Coiled-tubing method deoils damaged US gulf pipeline

July 28, 2008
A unique coiled-tubing method can serve as a model for several offshore pipeline repairs the US Mines and Minerals Service has mandated occur by 2010.

A unique coiled-tubing method can serve as a model for several offshore pipeline repairs the US Mines and Minerals Service has mandated occur by 2010. The method successfully deoiled a total of 4,190 ft of a buried pipeline length of 7,500 ft and isolated the balance between two plugs, in compliance with MMS requirements.

This article reviews the pipeline damage to which this CT method was first applied and discusses the various options considered to ensure the line’s safety and prevent future leakage and environmental damage. It then describes in detail the preparation for and successful performance of the CT deployment.

Background

The West Delta 109A platform stands in 250 ft of water at the mouth of the Mississippi River. Crude oil production runs 39,000 ft through an 8-in. pipeline to a 12-in. tie-in at WD 125. In July 2005, tropical storm Cindy separated the pressure-balance safety joint on the 8-in. crude riser. Surveys followed passage of the storm and in accordance with approved MMS procedures, several steps were taken to assess damage.

A lock out at the platform and blind flange installed at the base of the riser deoiled and isolated it. Divers found the separated end of the pipeline 300 ft to the southwest. Reconnecting the riser required a total of 300 bbl sea water pumped into the line behind a soluble ball and a soft foam pipeline pig, displacing oil from a 5,000-ft section of line. Before displacement of the line was completed, however, Hurricane Katrina entered the Gulf of Mexico, forcing suspension of operations.

Sidescan sonar and magnetometer equipment surveyed the pipeline after Katrina and a dive-support vessel with excavation equipment and divers mobilized to search for it. Both the survey results and physical inspection by divers showed the pipeline had undergone major additional movement during Katrina.
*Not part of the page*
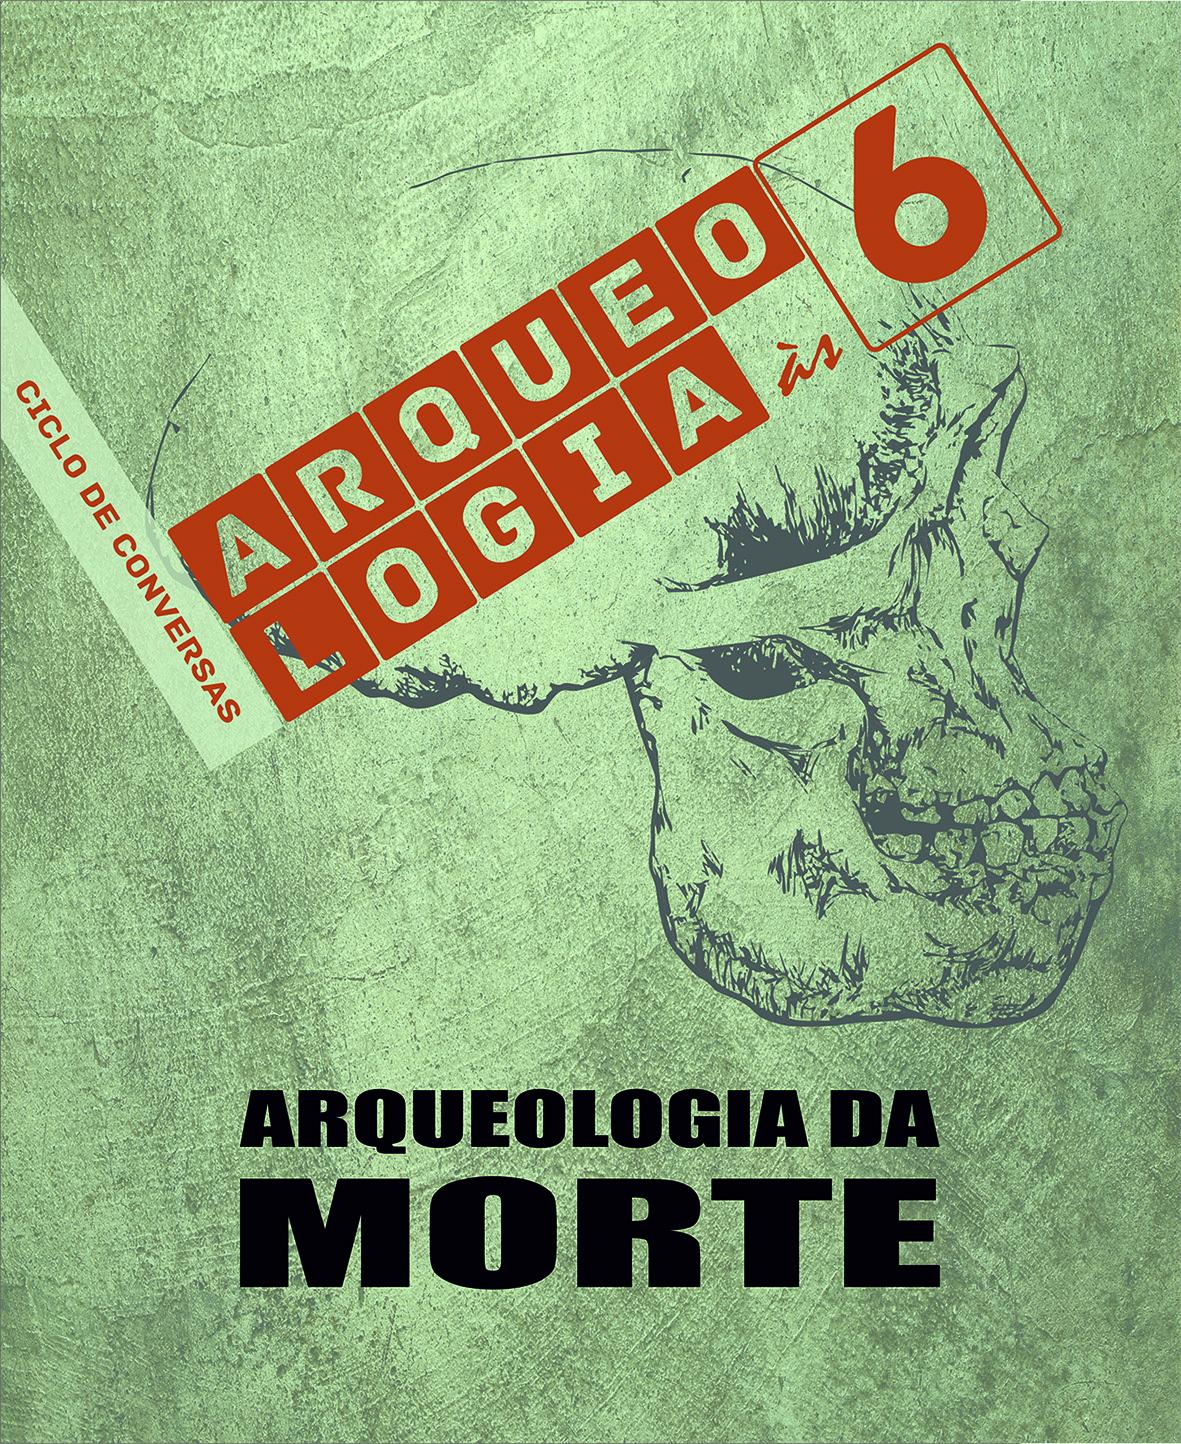 Arqueologia às 6 – session 5 podcast available [portuguese]

When pressure testing the pipeline revealed a leak, the dive support vessel was mobilized to its rough location after multiple days of digging and probing, however, the DSV could not locate the pipeline in the area where there was believed to be a leak. The DSV demobilized and further planning was initiated to come up with a procedure to locate the pipeline. A new technique located the leak in the pipeline using a mass spectrometer to detect the highest product concentration on the seafloor. The highest concentration would hopefully coincide with the location of the pipeline leak. A second mobilization occurred and a 200 × 200 ft hole was excavated to a depth of 26 ft.

The divers, however, failed to find the damaged pipeline, showing it was buried deeper than 236 ft.; the 26 ft. already exposed and 10 more surveyed by magnetometer.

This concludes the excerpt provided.